Attorneys briefly discussed claims in Justice 360's lawsuit about the use of the word "available" in the death penalty statute and what the South Carolina Department of Correction has done to obtain drugs to perform lethal injection executions. Information about SCDC's attempts to obtain drugs was barred by the protection order implemented by the court.
"Even if the court did not allow the plaintiffs to explore what SCDC had done, the plaintiffs are free to offer evidence of their own efforts to locate a source of drugs, and they put up nothing," Lambert said. "And their silence on that fact is deafening."
The lawyers also discussed a claim that the statute violated a non-delegation doctrine that prohibits the SC legislature from delegating powers to other agencies to make laws. The statute approved by the legislature in 2021 states, "a person convicted of a capital crime and having imposed upon him the sentence of death shall suffer the penalty by electrocution or, at the election of the convicted person, by firing squad or lethal injection, if it is available at the time of the election, under the direction of the Director of the Department of Corrections."
Justice 360 attorneys argued that the SCDC director's power in deciding whether certain methods of execution are available is a violation of that doctrine. However, Lambert argued the statute was is "clearly what the general assembly intended."
"It was for the state to be able to carry out lawfully imposed sentences without further and unnecessary delay," he said.

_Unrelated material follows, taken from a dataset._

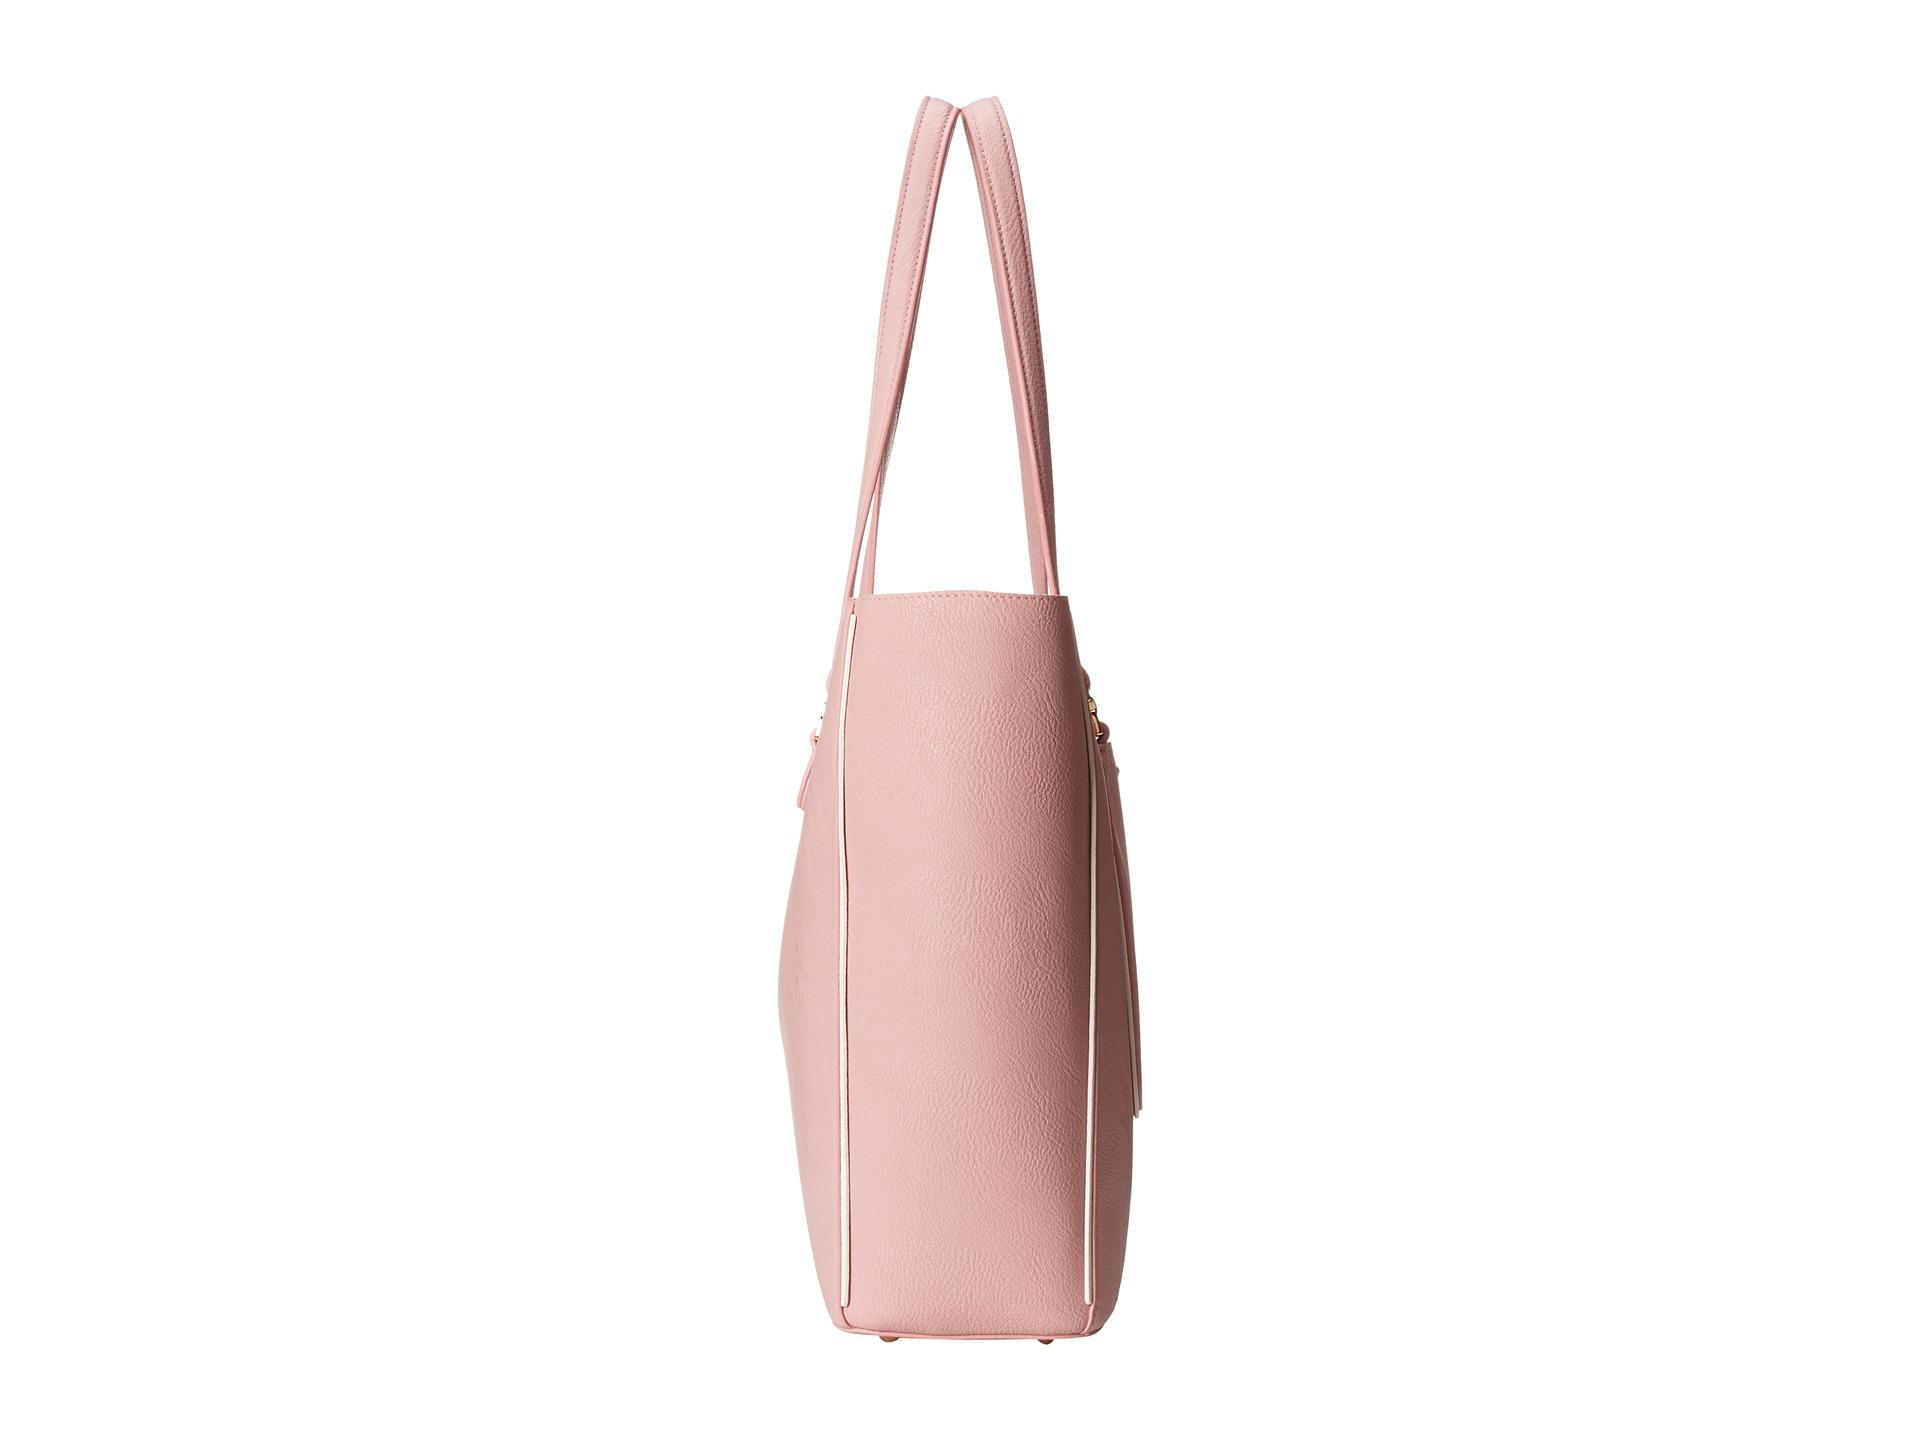 309dbe2e6d Lyst - Lauren by Ralph Lauren Dorset Tote in Pink

Lambert also mentioned how the general assembly was the people's representatives and reflective of society. "A conscious decision was made to use these particular methods. And that decision reflects society's current standards and thinking on ways to carry out an execution," he said.
However, in his rebuttal, Kendrick came back to the secrecy of the state's execution protocols when it comes to the general public's ability to have input in such legislation.
"We're one of the only states, if not the only state in the United States of America, that hides the protocol we use to kill inmates," Kendrick said. "People know nothing about this."